The remote doctor, can it ever work?

UNICEF child doctor

UNICEF/Dejongh A little girl being vaccinated in the town of Bouaké, in Côte d’Ivoire. Immunization in the country is free for children bellow one year old, but three out of five children do not get vaccinated before their first birthday.

This article was exclusively written for the Sting by Mr Haris Čampara, Student at Medical faculty, University of Sarajevo, Bosnia and Herzegovina. Hee is affiliated to the International Federation of Medical Students Associations (IFMSA). However, the opinions expressed in this piece belong strictly to the writer and do not necessarily reflect IFMSA’s view on the topic, nor The European Sting’s one.

In times of ever-growing technology, one can’t help but wonder, if the framework of the machines will ever catch up to the mind of a human. One of the biggest questions is, „Could a machine use its learning algorithms to master medicine?“.

Either by using inductory or deductory thought process, could machine ever become as sophisticated as a human being? To be honest, machine is way more capable than human in terms of memory, and even data processing. In reality, they are more cost efficient, and more likely to discover diagnosis and administer the right treatment.

By connecting to the internet, a robot could instantly download all the latest guidelines that are necessary for uniform treatment. In the event of surgery, no human can ever be as efficient as a robot, since it is not limited by fatigue and has finer motor control and sensor input.
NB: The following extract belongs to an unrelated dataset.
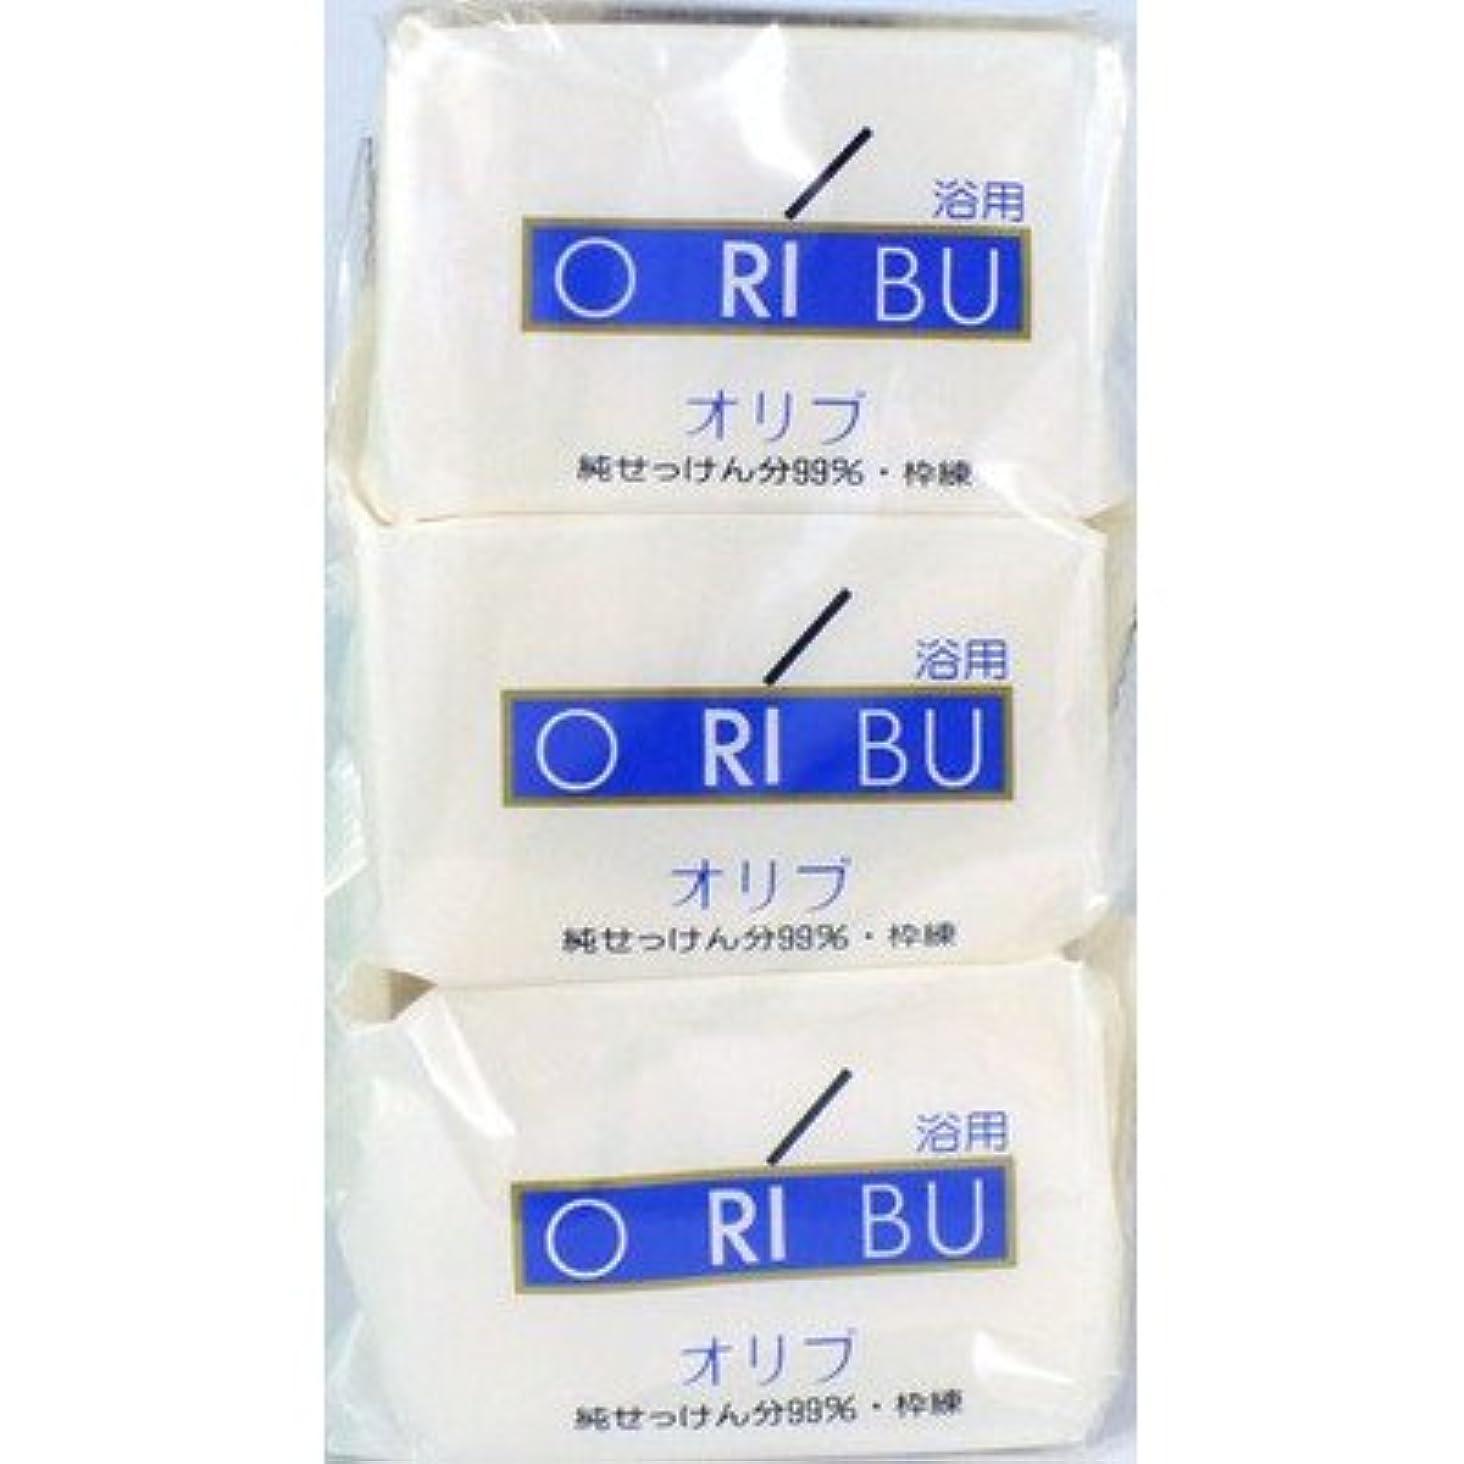 危険増加するブラスト暁石鹸 ORIBU オリブ 浴用石鹸 110g 3個入り

However, in terms of surgery, a robot will never be able to recognize all the possible complications that may arise in surgery, and in its attempt to fix things, it can potentially hack and slash at at a patient killing him instantly.

When it comes to bedside manner, a robot is a cold dead machine. You can try programming it to be empathetic, but all people realize in the end that they are talking to themselves. Human medical staff prevents feelings of abandonment and speeds up patient recovery, while in case terminal patient, a robot could provide a little comfort and empathy needed to ease the passing away.

So let’s talk about humans. Easily distracted, easily fatigued and less cost efficient, but then again fellow humans. No machine can ever understand a human, like a fellow human can. So how could we use machines/robots in medical field? Well, it’s simple. We use them like tools, just like we always used tools.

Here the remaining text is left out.